Instructions to follow
Set down, exactly and only, everything from the line containing "Gray Expose (5007-2A) - Colorxs Quad Palette" down to the line containing "5 oder mehr" in the data below; the pictures are not part of the copy.

Records for this task
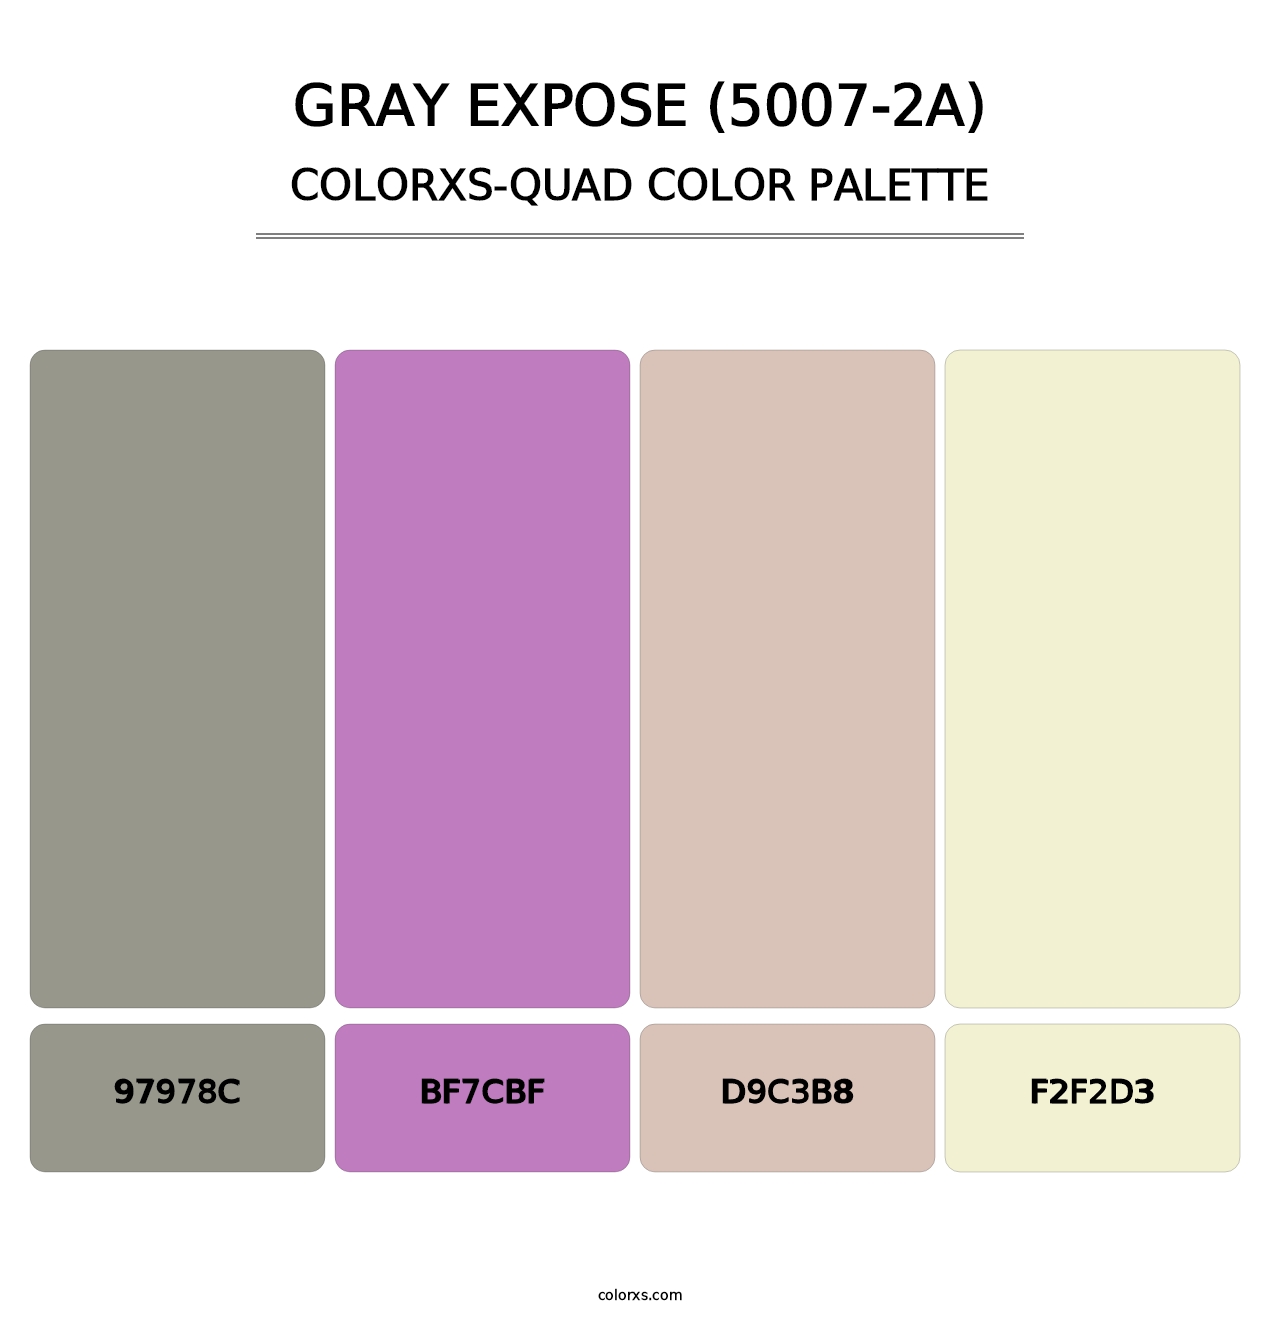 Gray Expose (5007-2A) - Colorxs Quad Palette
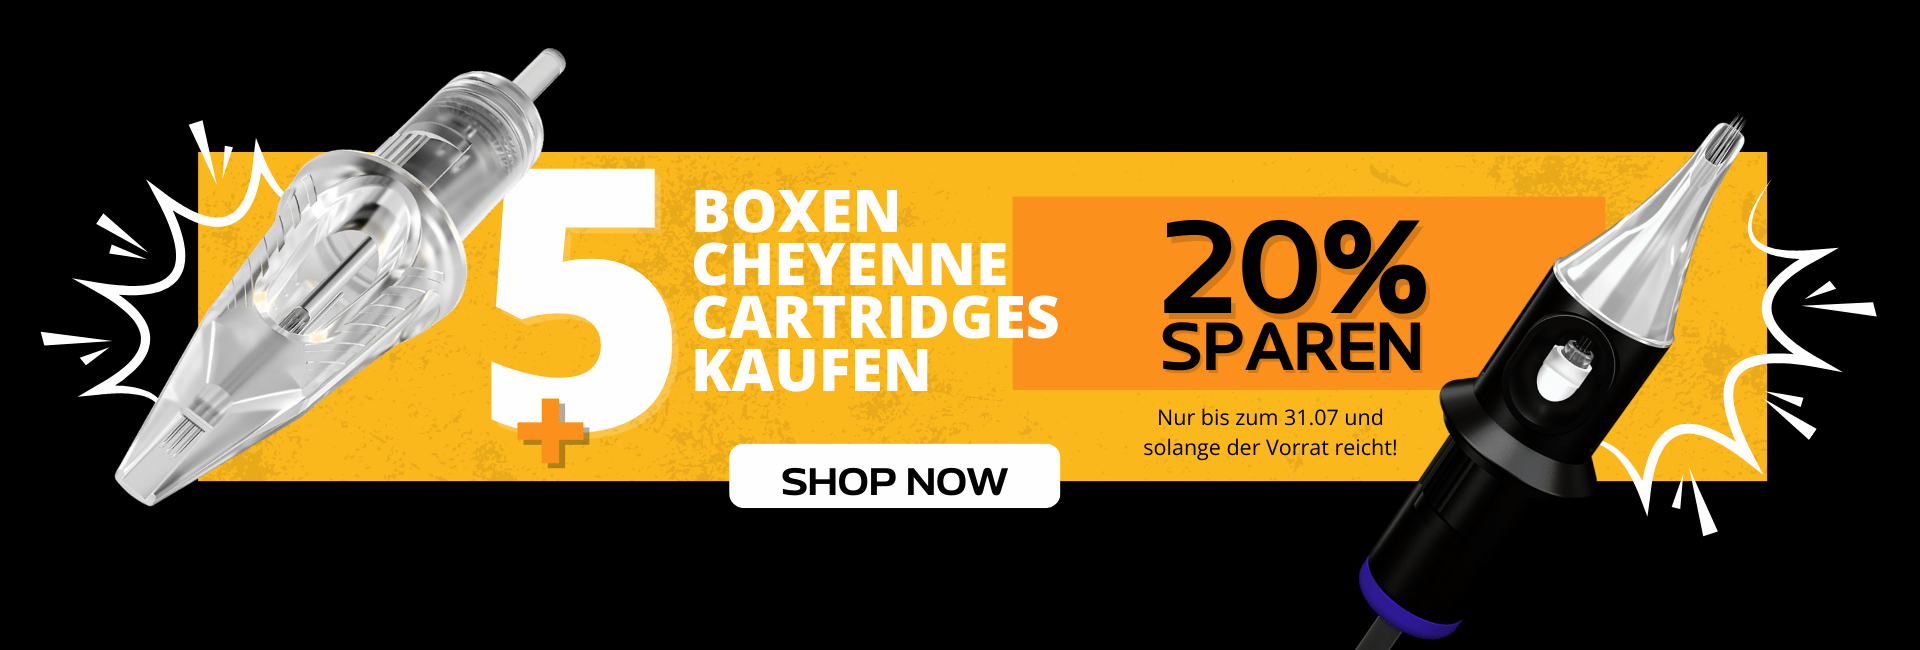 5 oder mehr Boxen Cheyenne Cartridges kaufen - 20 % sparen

==

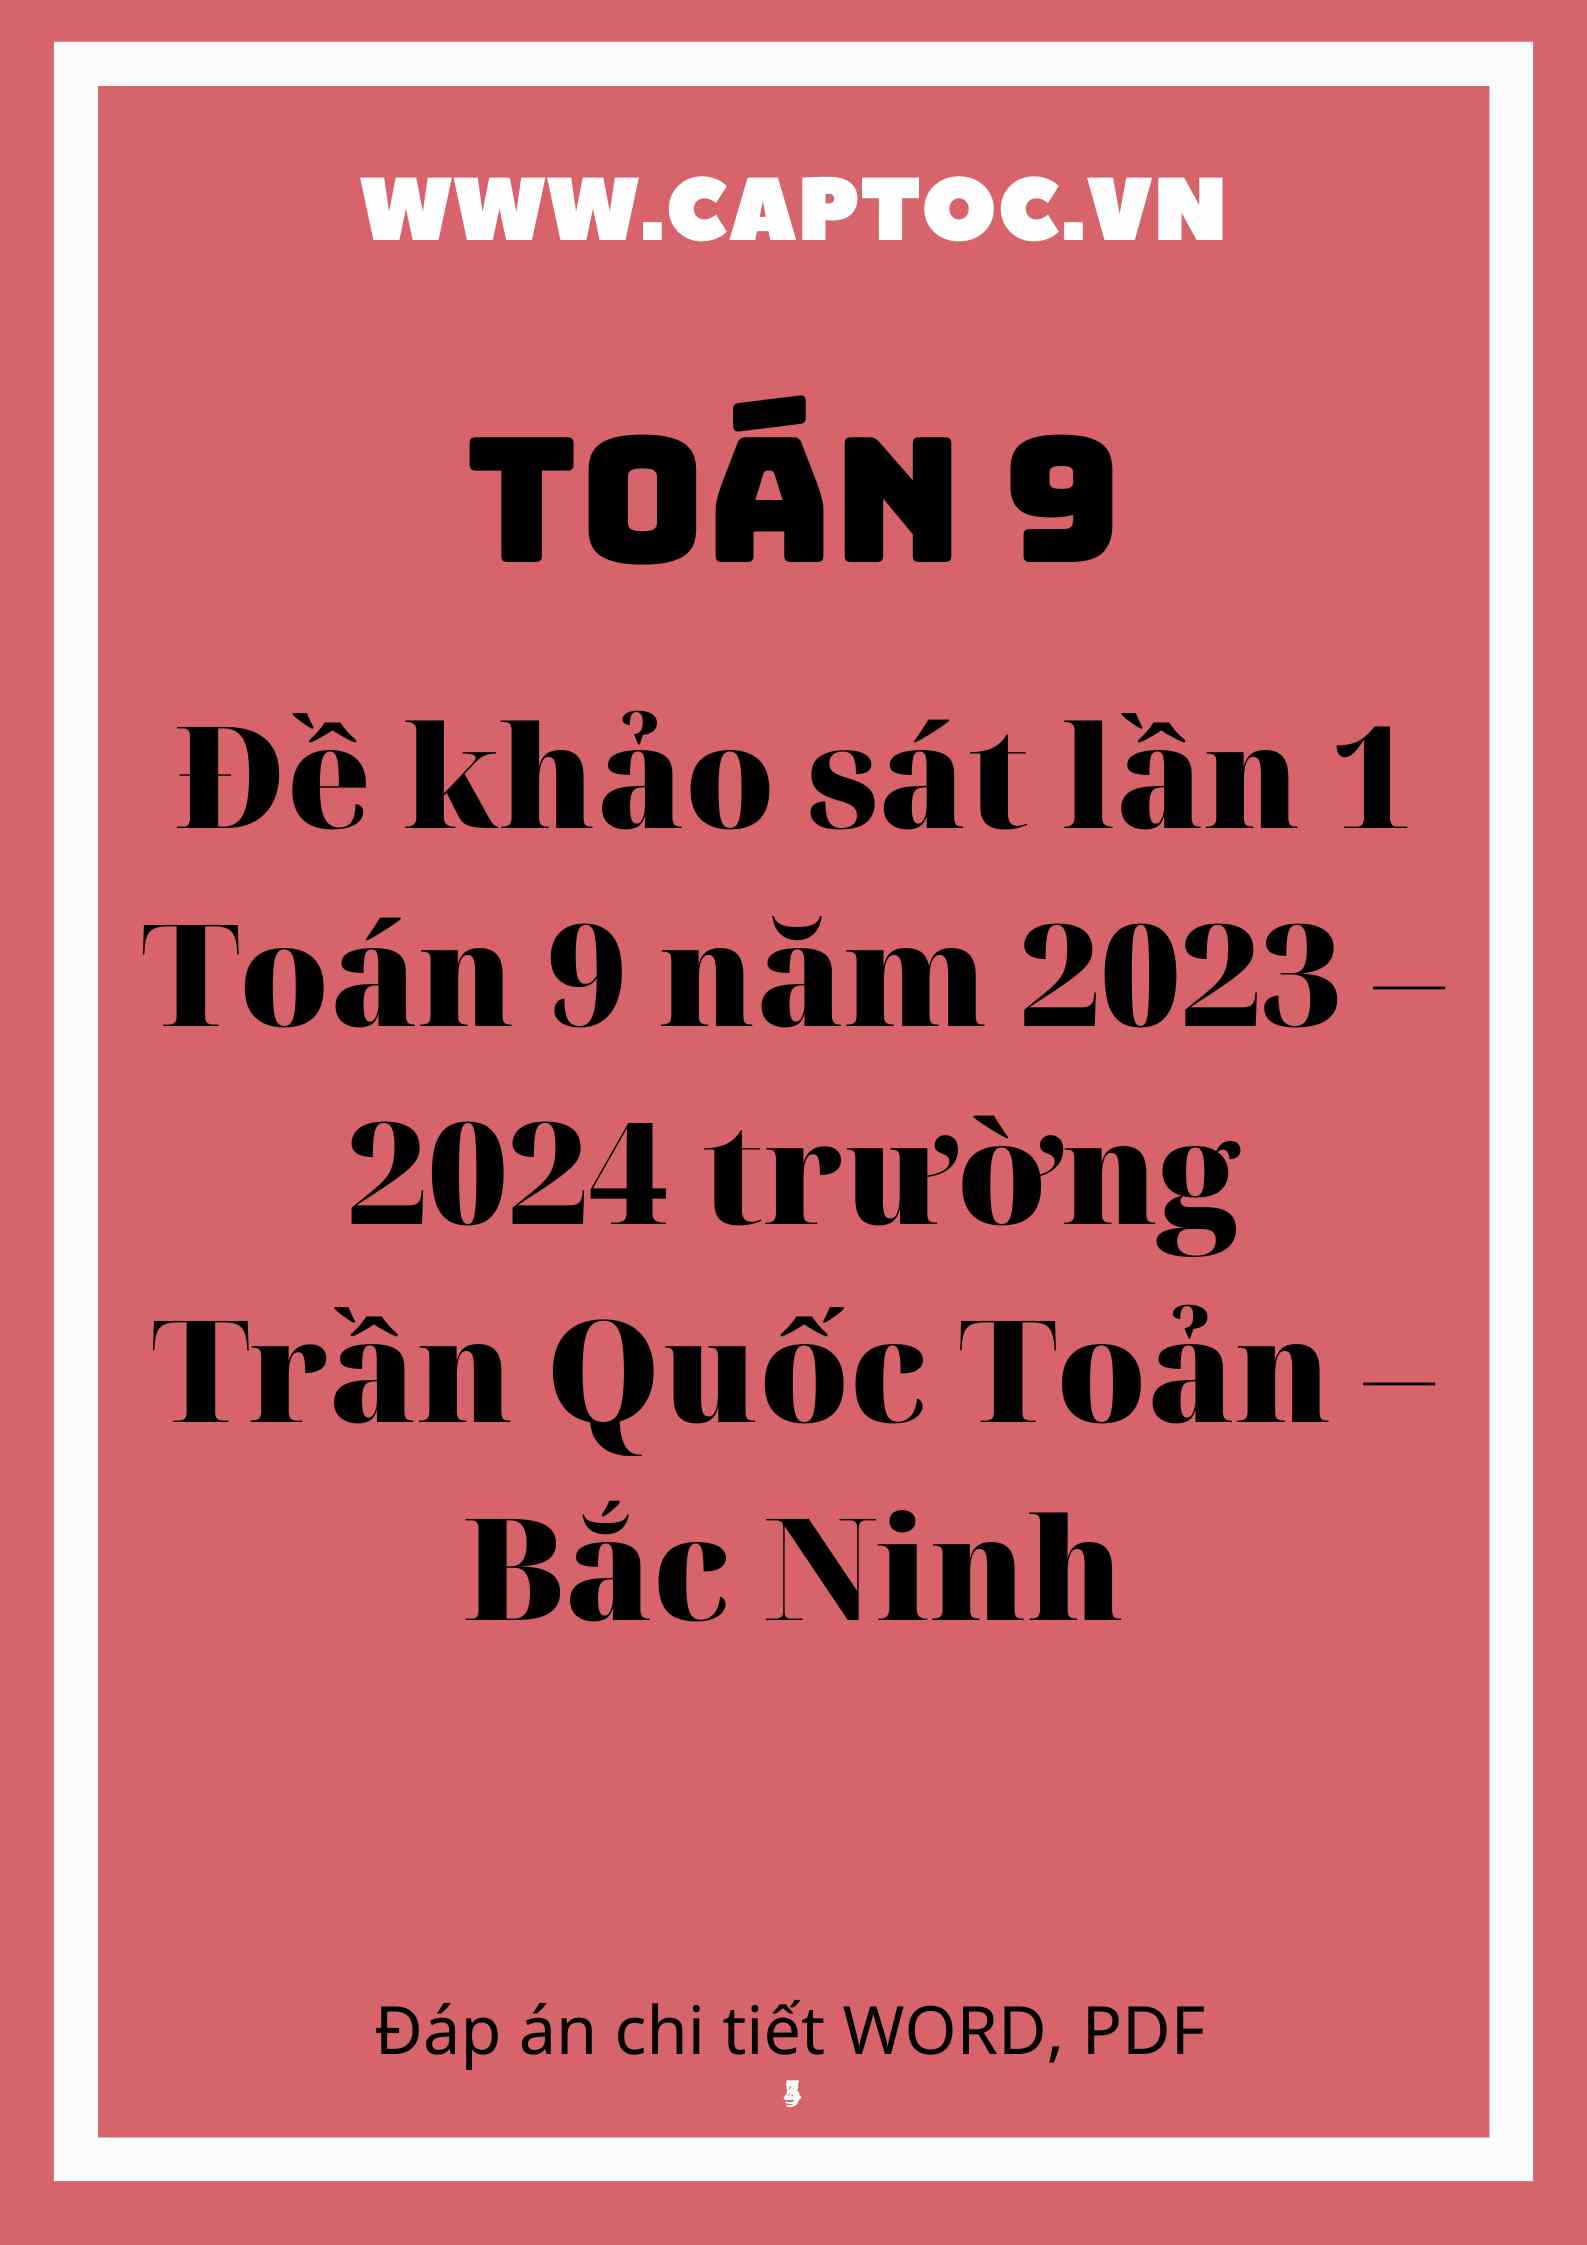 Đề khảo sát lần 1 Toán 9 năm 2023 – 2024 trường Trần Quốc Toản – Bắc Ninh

Answer to the problem
 Gray Expose (5007-2A) - Colorxs Quad Palette
 5 oder mehr Boxen Cheyenne Cartridges kaufen - 20 % sparen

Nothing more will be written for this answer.